Curtis High School, operated by the New York City Department of Education, is one of seven public high schools located in Staten Island, New York City, New York. It was founded on February 9, 1904, the first high school on Staten Island.

History
Curtis High School is named after nationally prominent Republican writer and orator George W. Curtis, who lived nearby. The school was the first public building built following the consolidation of Greater New York. It was part of a plan to erect a major high school in each of the outlying boroughs, with Erasmus Hall High School in Brooklyn, Morris High School in the Bronx, and Flushing High School in Queens being the other three. It was designed by the architect C. B. J. Snyder. The cornerstone was laid in 1902, it was completed and opened 1904. The original building of brick and limestone is dominated by a large square turreted tower inspired by English medieval models. The first principal was Columbia graduate Oliver Durfee Clark, who served 1904 to 1906. The second principal (1906–1912) was Harry Freeman Towle, a graduate of Dartmouth College. Additions were made to the building in 1922, 1925 and 1937. John M Avent (Columbia Graduate, author) was principal from 1924 to the late 1940s.
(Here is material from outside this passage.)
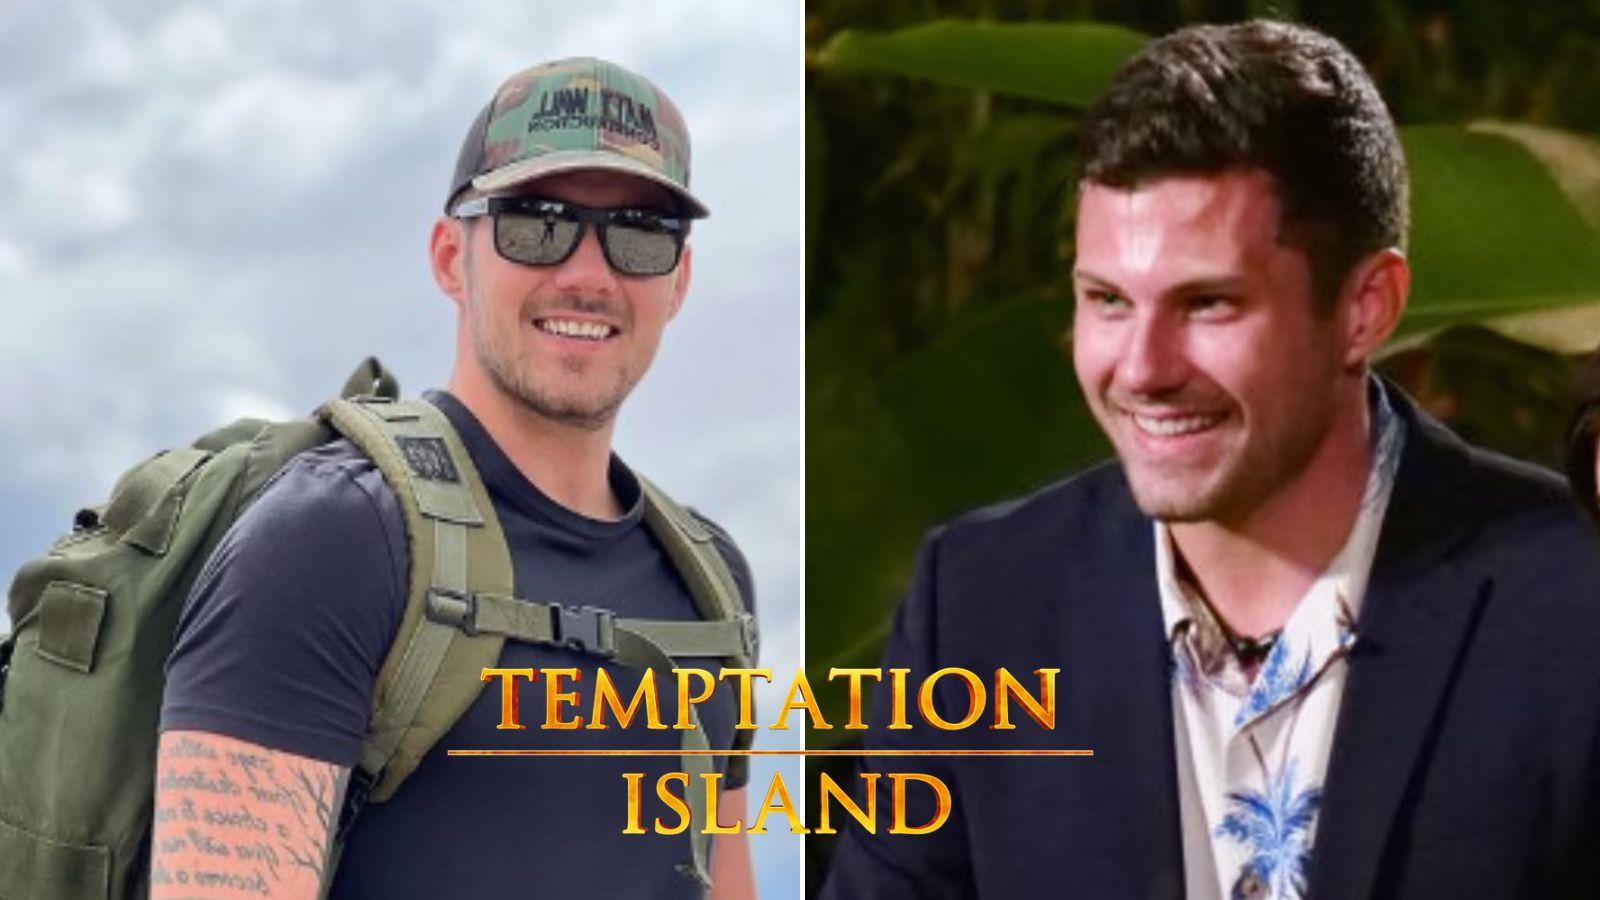 Ben Knobloch from Temptation Island
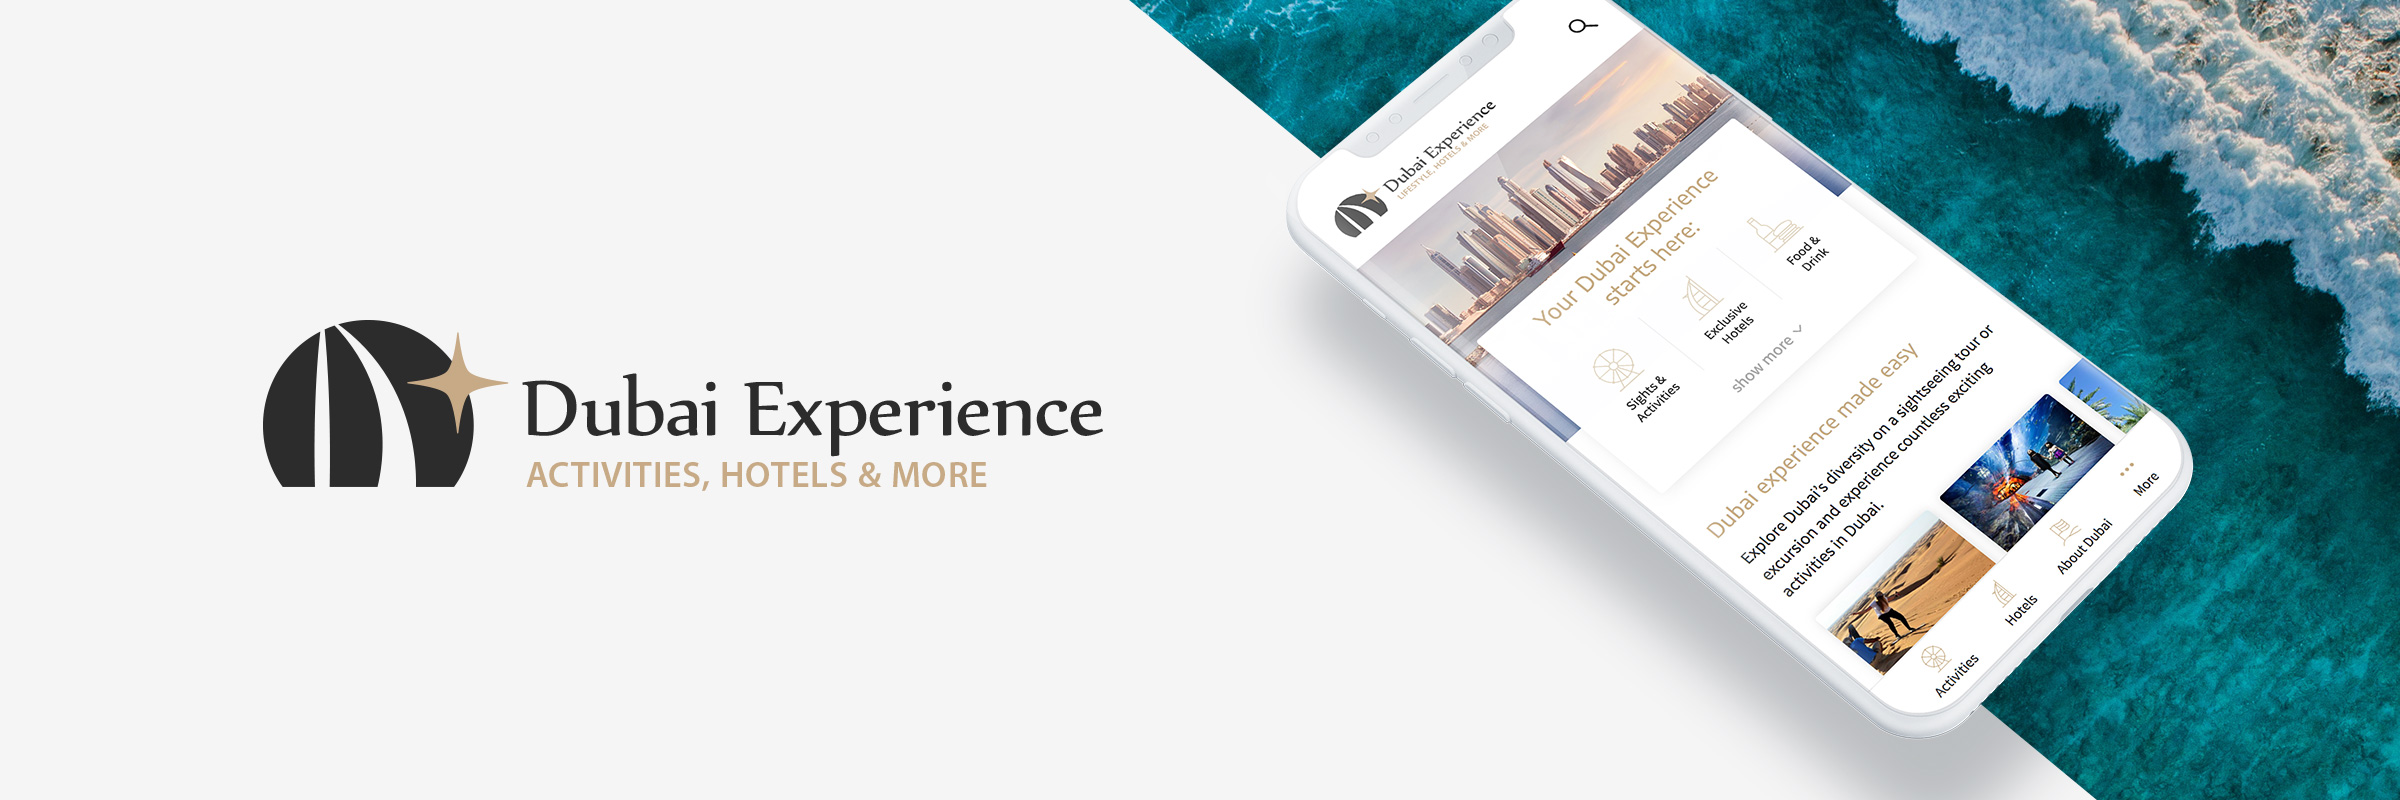 Project Dubai-Experience.com

Curtis was designated a New York City Landmark on October 12, 1982. The gym and cafeteria wings were added at a later date as additions to the original building's neo-Gothic architecture.

Academics
Curtis offers an International Baccalaureate Scholarship Honors program with accelerated curriculum and Advanced Placement courses, and courses include nursing, NJROTC, performing arts, visual arts, business/computer institute, CoOp, human and legal studies, journalism institute and school for international services.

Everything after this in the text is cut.